The Egg Cracker Suite is a 1943 Easter-themed animated short produced by Walter Lantz, co-directed by Ben Hardaway and Emery Hawkins (also a character designer) and animated by Les Kline (solely credited as Lester Kline), Laverne Harding and Paul J. Smith (both uncredited) that features a redesigned Oswald the Lucky Rabbit. This is the last animated short to feature Oswald until Get a Horse! in 2013.

== Plot ==
Oswald leads a line of rabbits, anchored by a small brown bunny, into Bunnyville, where they are to ready Easter baskets for the holiday. He enters one tree, which is a hen house dubbed "Egg Plant No. 1", and conducts them in a symphony to get them to lay eggs. Outside, each rabbit in the line gets an egg. Oswald finishes the symphony getting the lone ostrich to lay her huge egg, which as luck would have it, the small brown bunny winds up with.

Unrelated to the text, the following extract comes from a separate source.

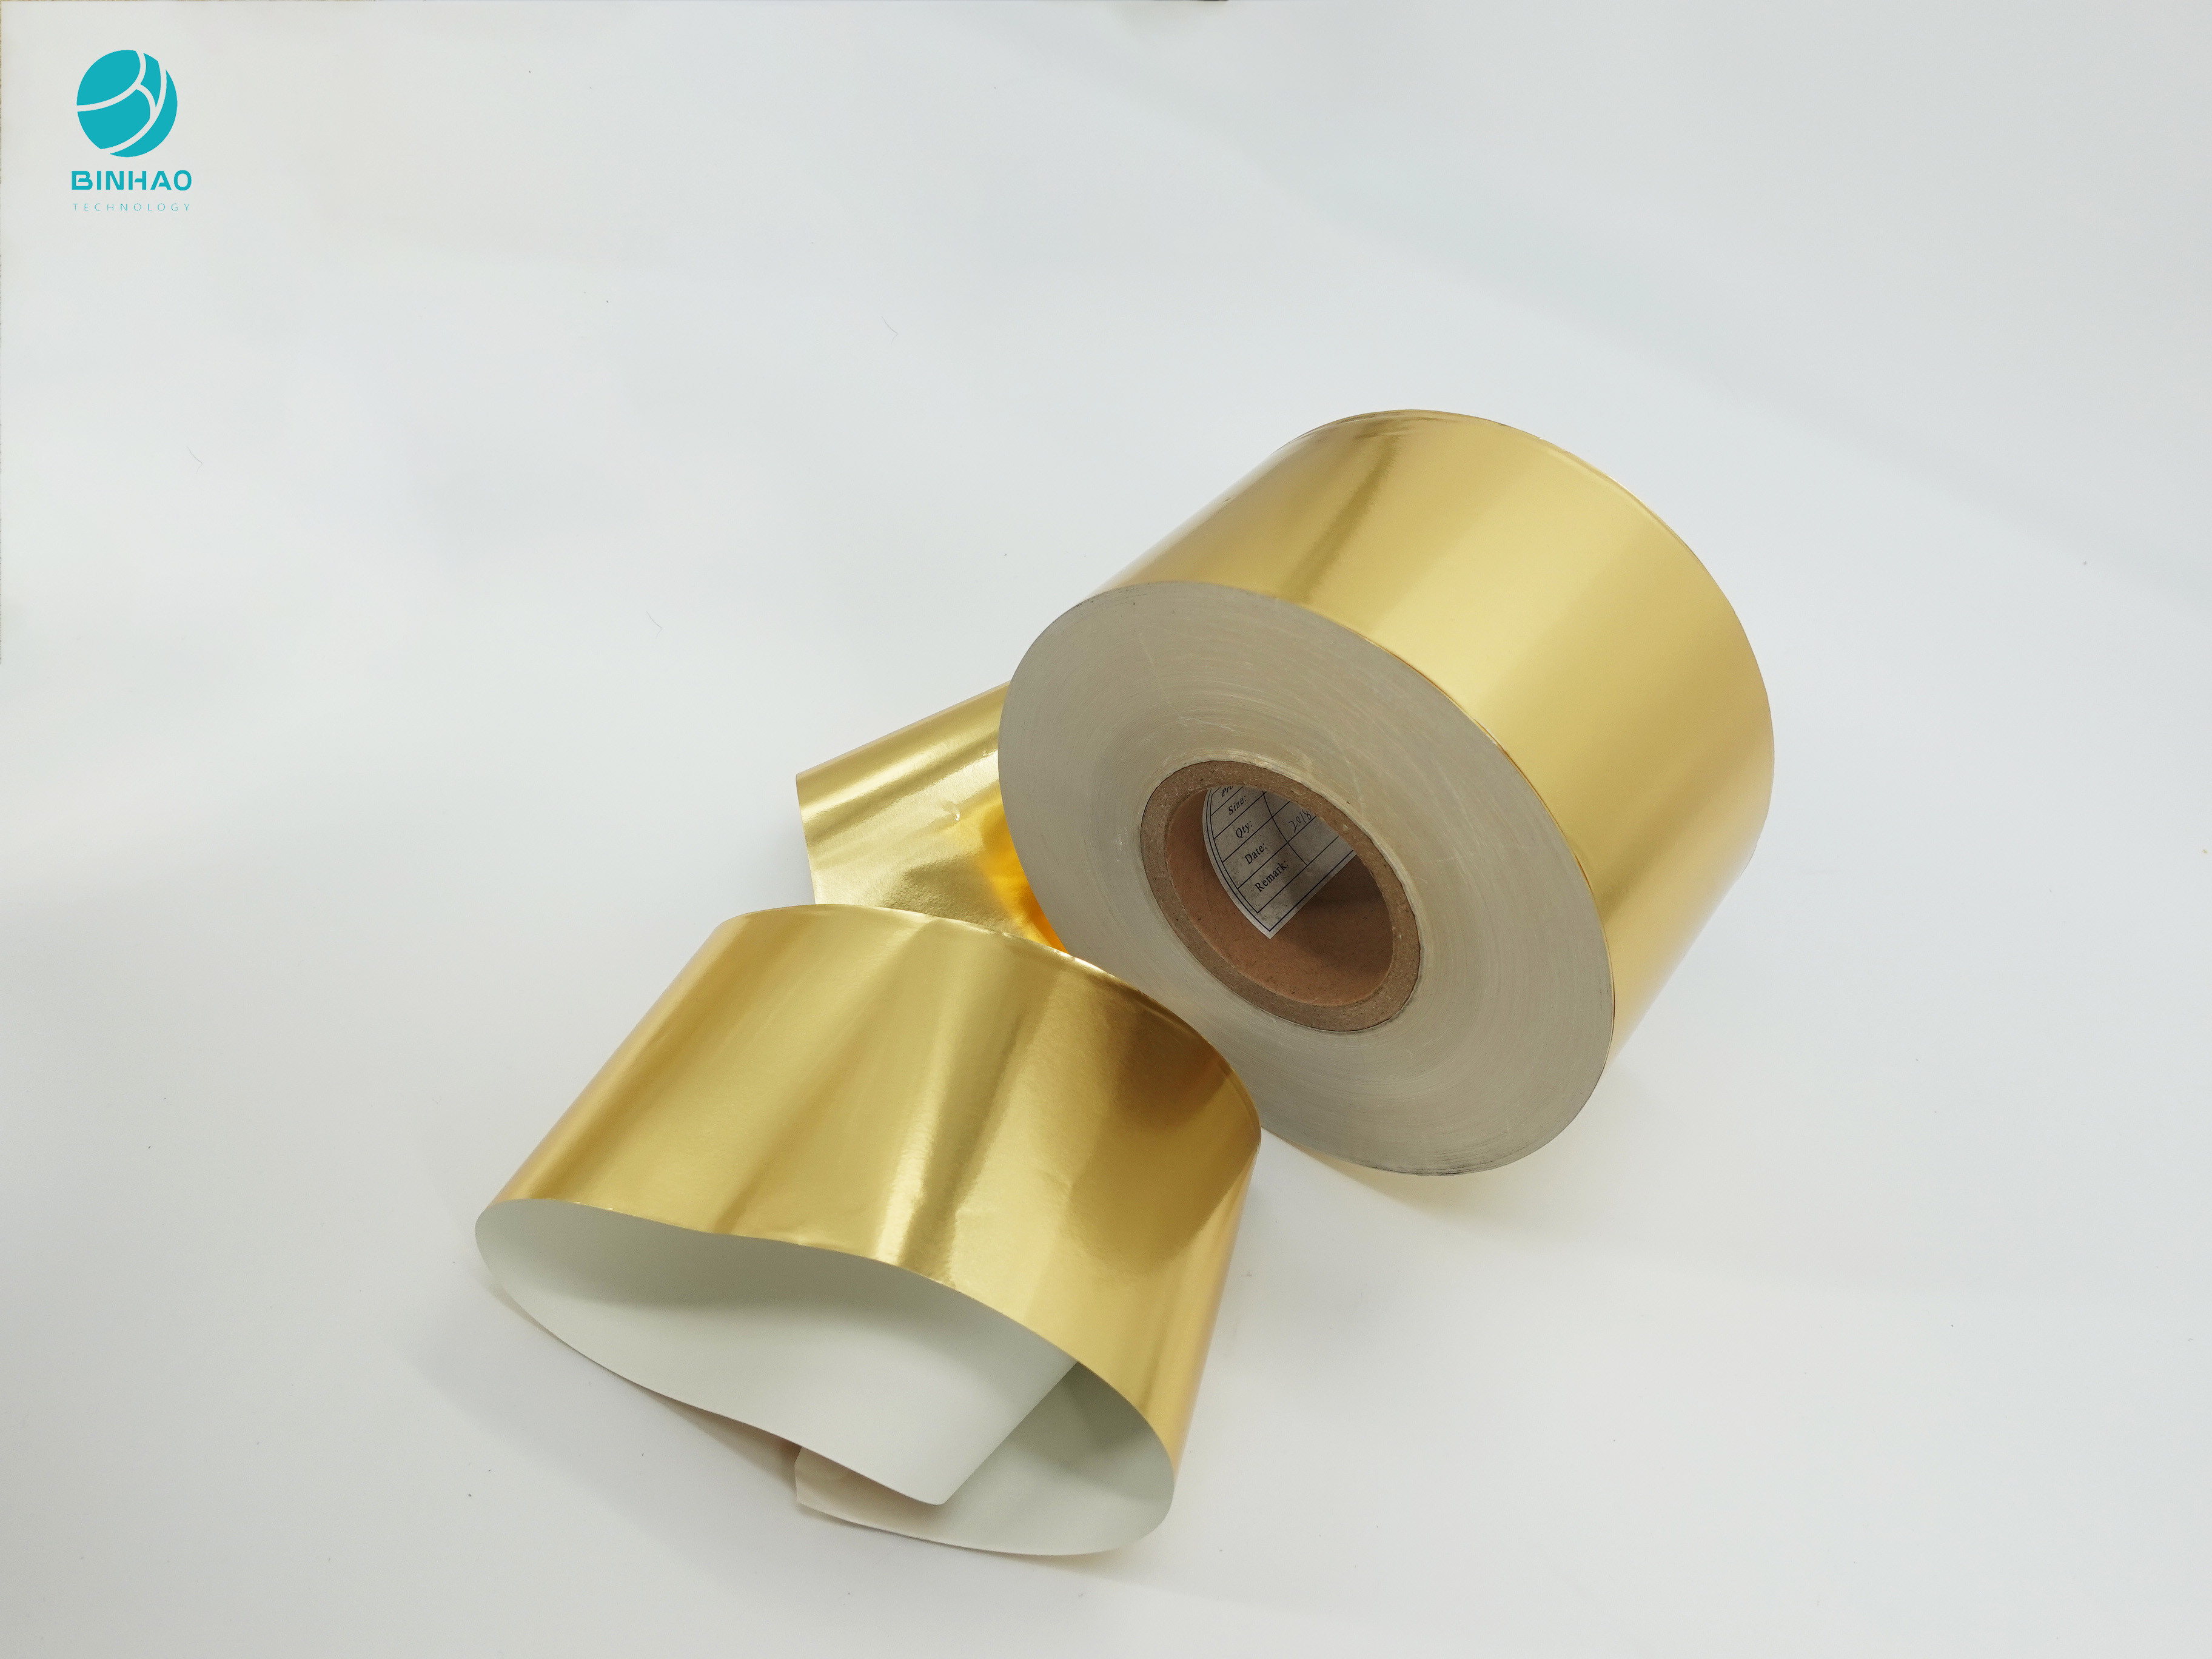 Σύνθετο 83mm φωτεινό χρυσό έγγραφο φύλλων αλουμινίου αλουμινίου cOem για τη συσκευασία τσιγάρων

The rest of the cartoon involves the creation of the Easter baskets. One rabbit hard boils the eggs, finds one spoiled, and rings for it to be taken away by the health department truck. The next scene shows rabbits making egg dye with plant and flower leaves. In the next scene, one rabbit is painting designs on eggs, but one egg hatches as he is painting it. He paints the chick instead, which causes the chick to yell in a fast chipmunk voice and paint the rabbit's face in retaliation.

The subsequent scene revisits the small brown bunny with the ostrich egg. Cheerfully pushing it toward a large vat of egg dye, the bunny struggles to push it up and over the plank. He tries running back to get more momentum, but when the egg falls into the vat, the plank collapses and the bunny crashes into the vat's side.

Next, rabbits are carrying baskets on wheelbarrows to first be filled with grass, then one egg surrounded by candy eggs, then each topped with a blue bow. They then take them to Bunnyville Airport where they are loaded into planes resembling B-18 bombers. As they ready for takeoff, the small brown bunny is shown running with the ostrich egg towards a plane, but the egg hatches before he can get there and the newborn ostrich that came out picks him up and throws him into a plane.

The planes take off one by one and are seen flying in formation when they open their bomb bay doors and drop the baskets all over the country. The bows open up like parachutes to slow their fall. The final scene is an apparently empty basket falling, but the brown bunny pops up and looks down initially horrified, but then his bow opens up and he relaxes then he waves to all of the viewers as the cartoon ends.